====== Data section
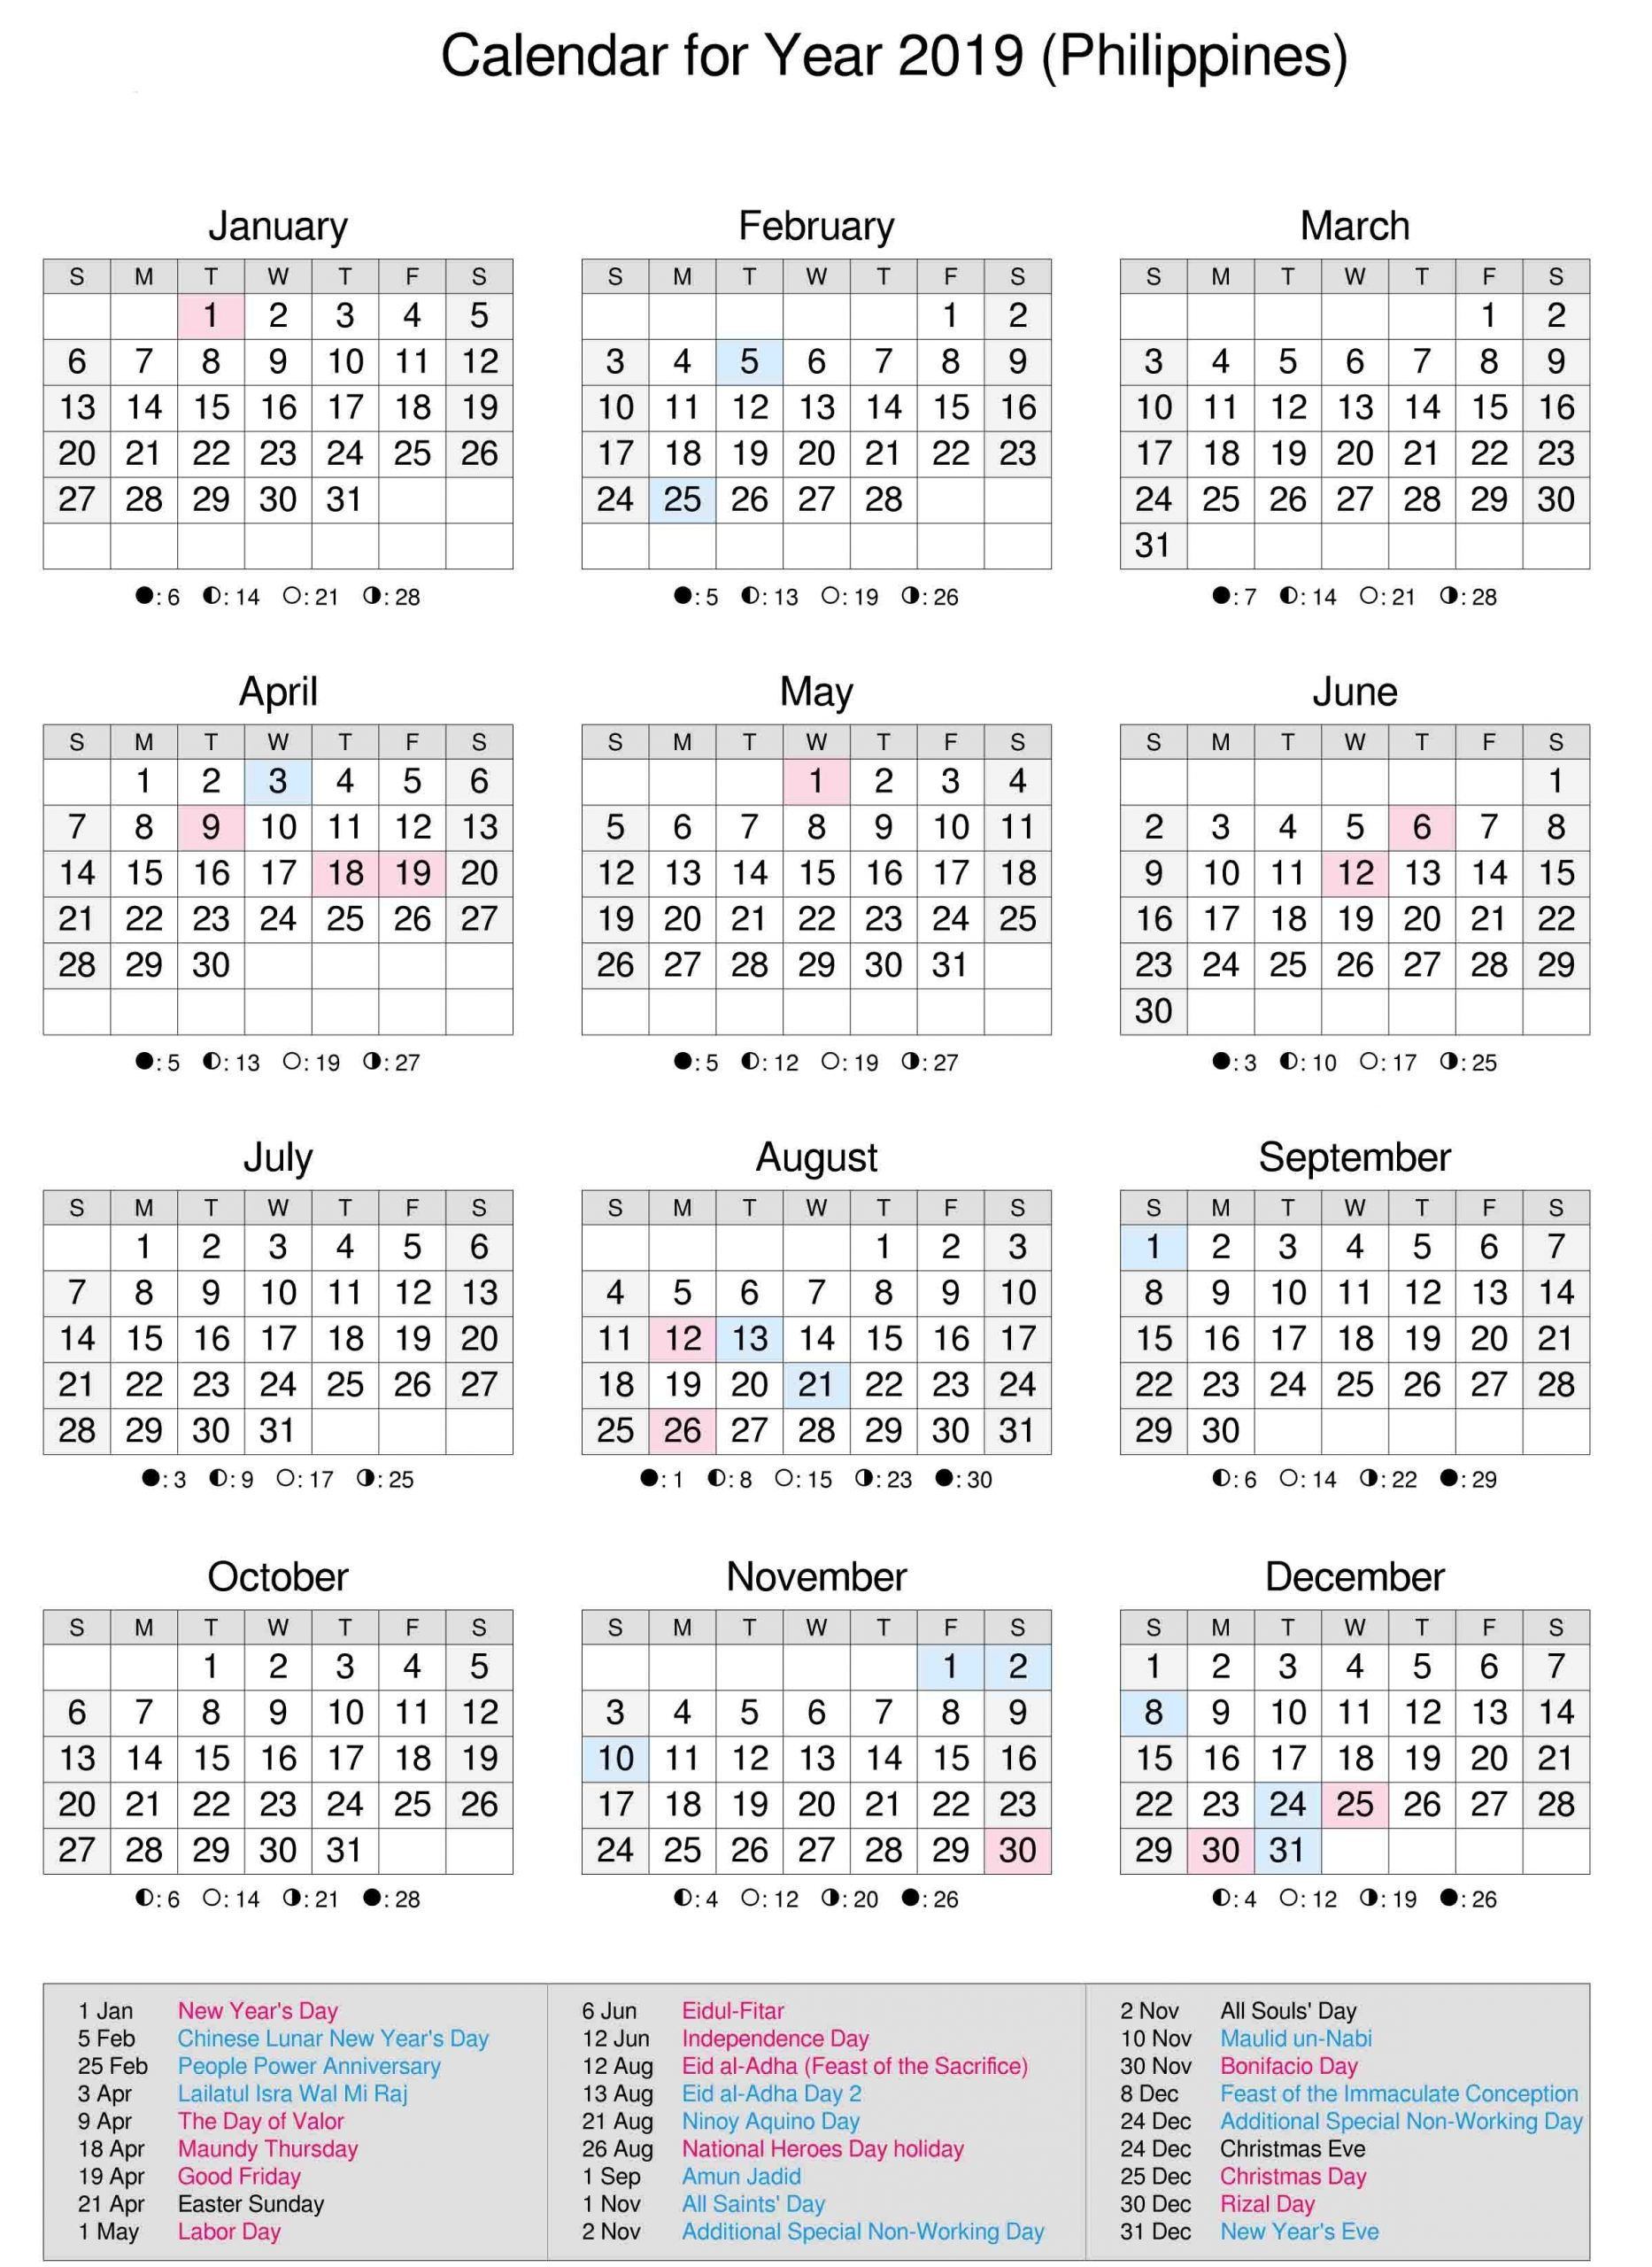 Get 2021 Calendar Philippine Holidays | Best Calendar Example December 2021 Calendar Philippines
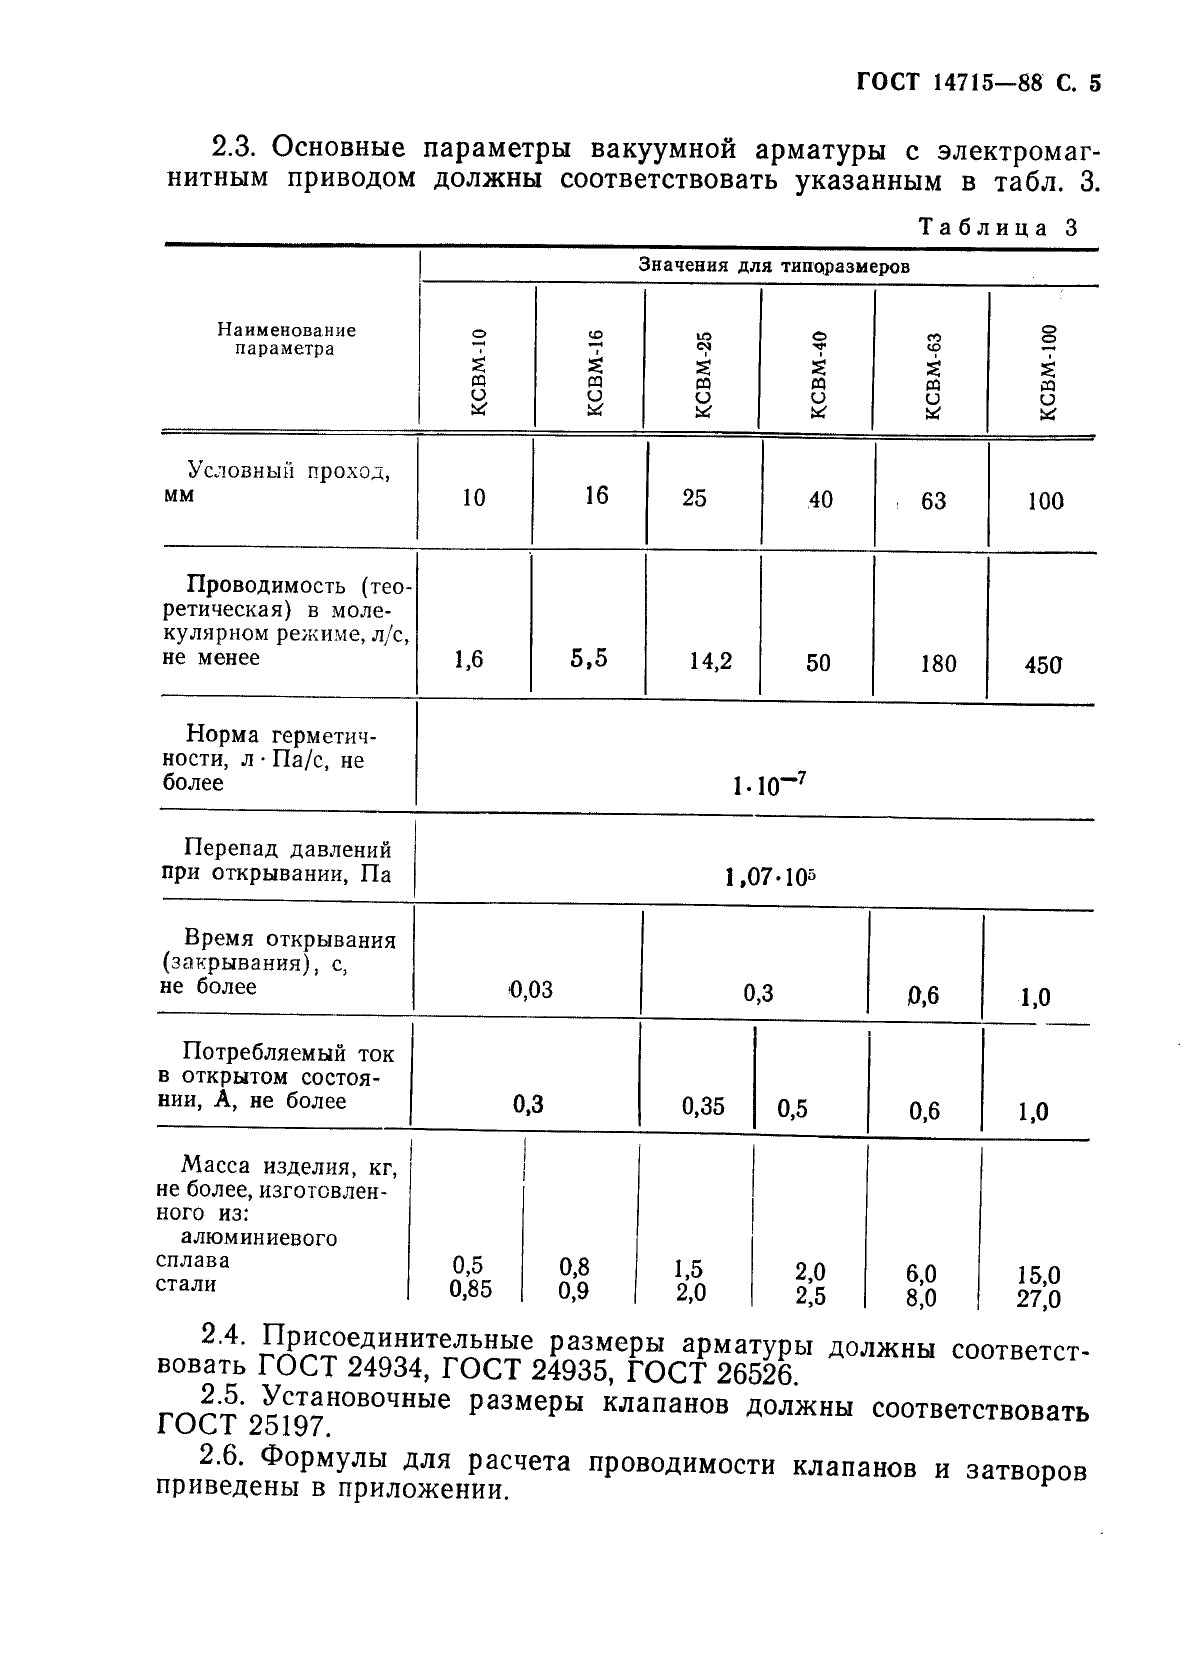 ГОСТ 14715-88 Арматура вакуумная. Типы. Основные параметры (фото 7 из 8)
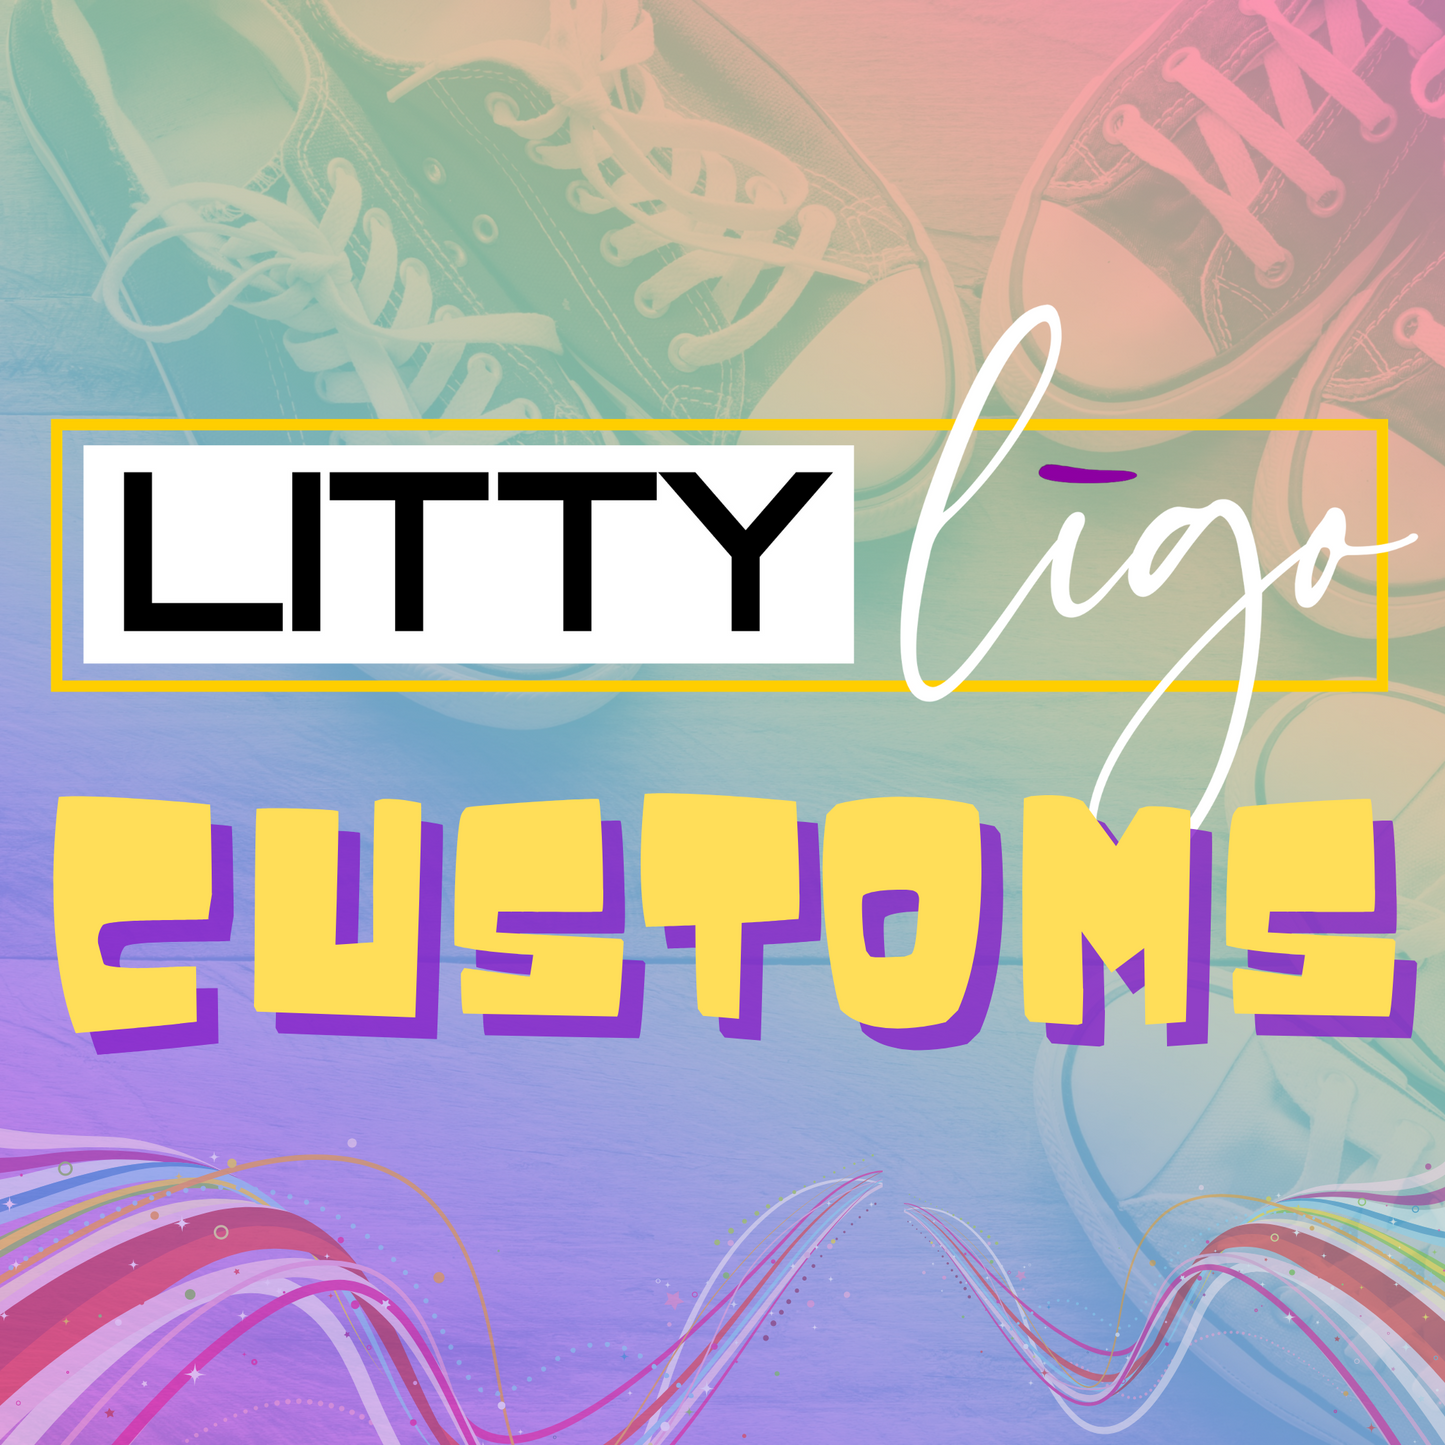 Litty Ligo Customs
============
Try it: Give back the data exactly, with no images.

Response to the task:
 Get 2021 Calendar Philippine Holidays | Best Calendar Example December 2021 Calendar Philippines
 ГОСТ 14715-88 Арматура вакуумная. Типы. Основные параметры (фото 7 из 8)
 Litty Ligo Customs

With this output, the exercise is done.